■ ACTION ITEM: Write out the data below in full, unchanged, minus the images.

■ SUPPLIED DATA:
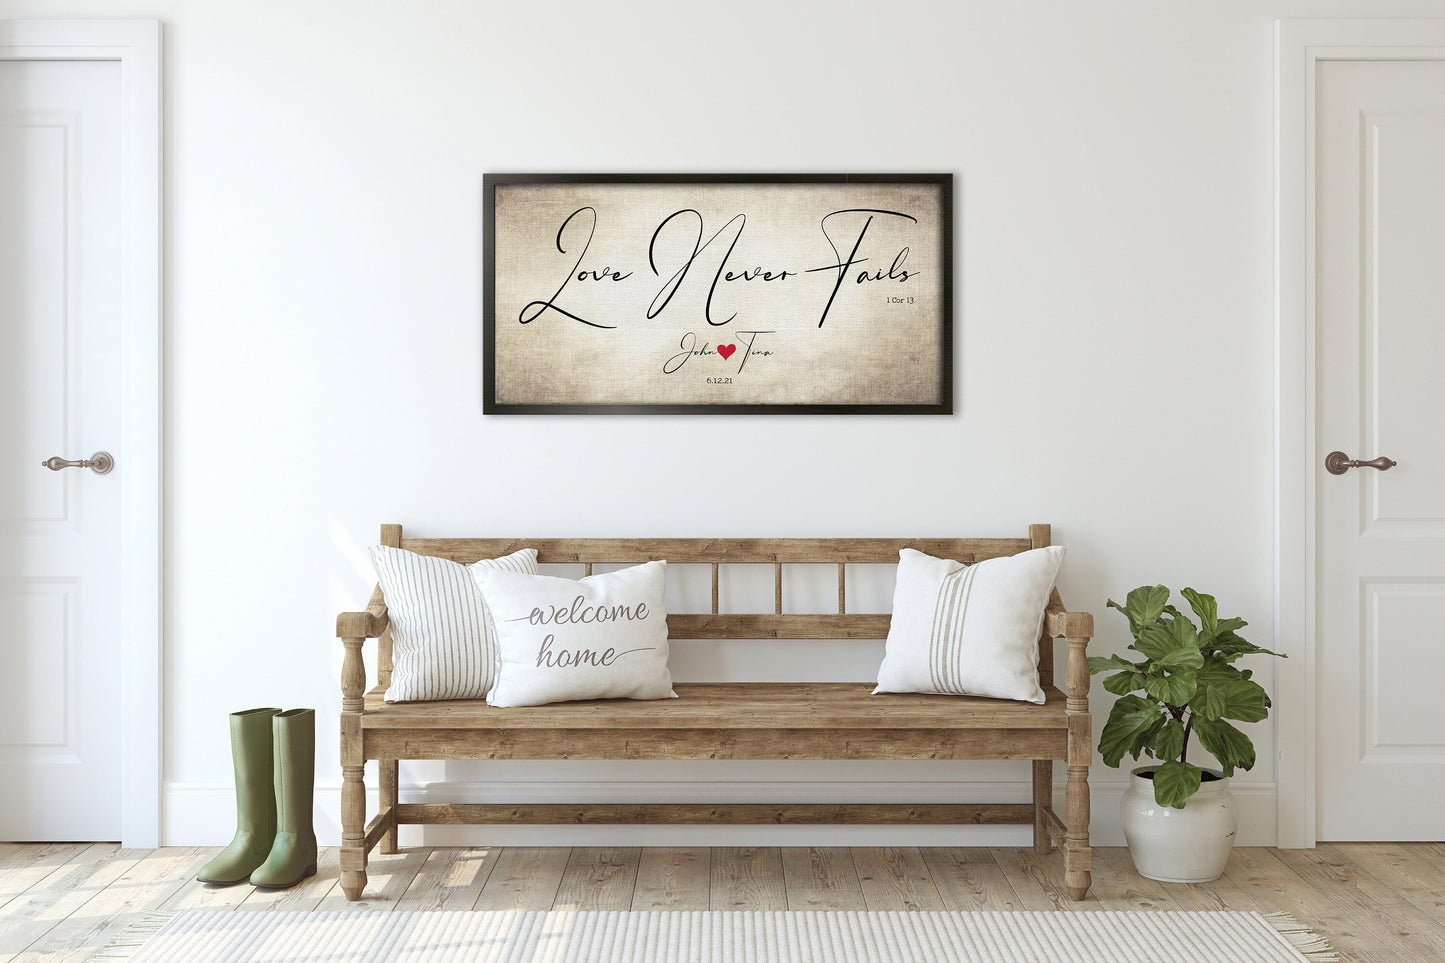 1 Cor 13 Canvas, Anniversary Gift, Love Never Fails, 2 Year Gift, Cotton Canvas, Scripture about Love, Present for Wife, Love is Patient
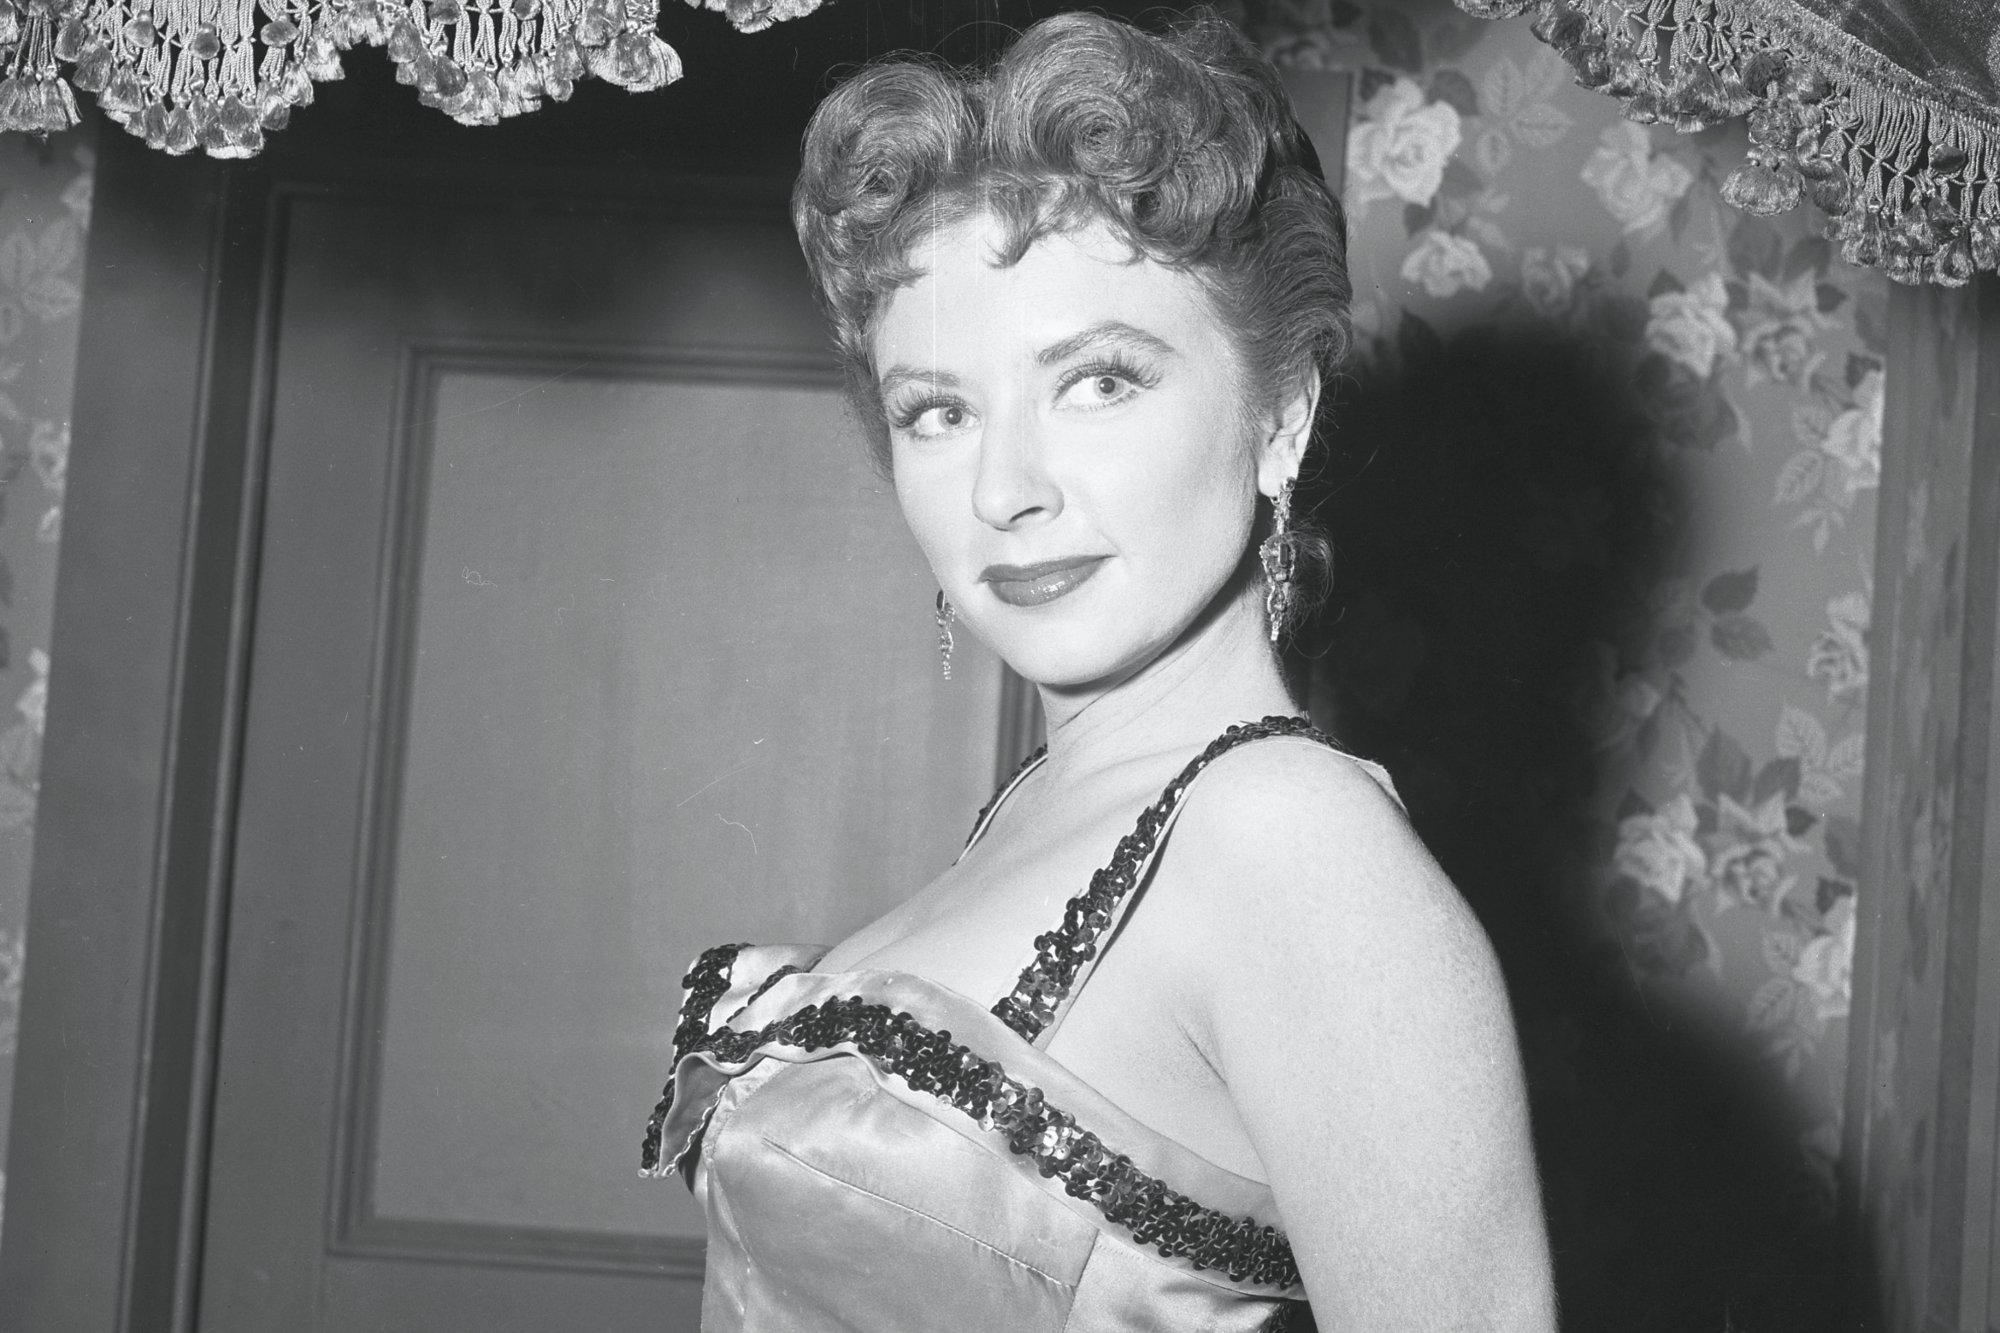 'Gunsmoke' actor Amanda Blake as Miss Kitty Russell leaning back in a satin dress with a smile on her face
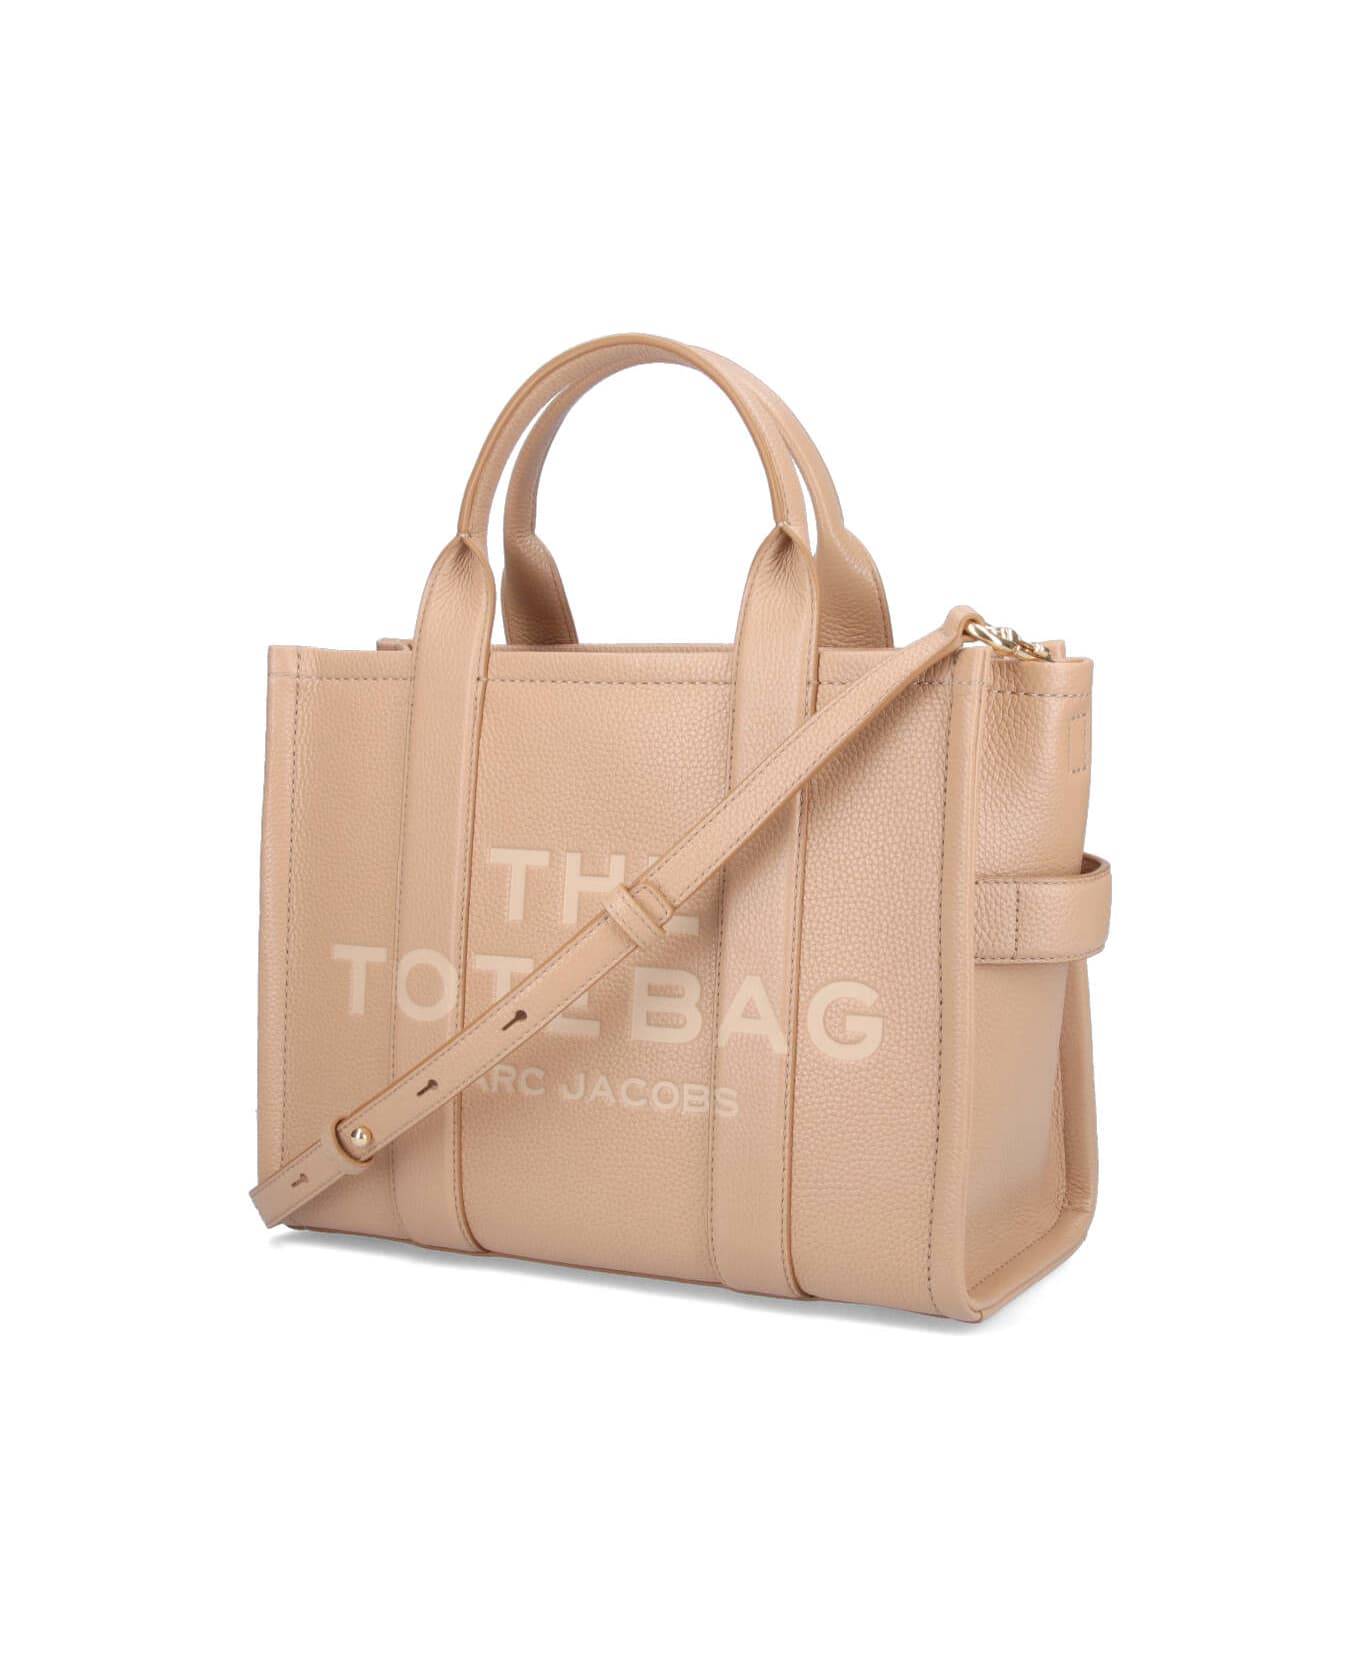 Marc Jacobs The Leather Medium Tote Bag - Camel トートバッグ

■ RESULT:
 1 Cor 13 Canvas, Anniversary Gift, Love Never Fails, 2 Year Gift, Cotton Canvas, Scripture about Love, Present for Wife, Love is Patient
 'Gunsmoke' actor Amanda Blake as Miss Kitty Russell leaning back in a satin dress with a smile on her face
 Marc Jacobs The Leather Medium Tote Bag - Camel トートバッグ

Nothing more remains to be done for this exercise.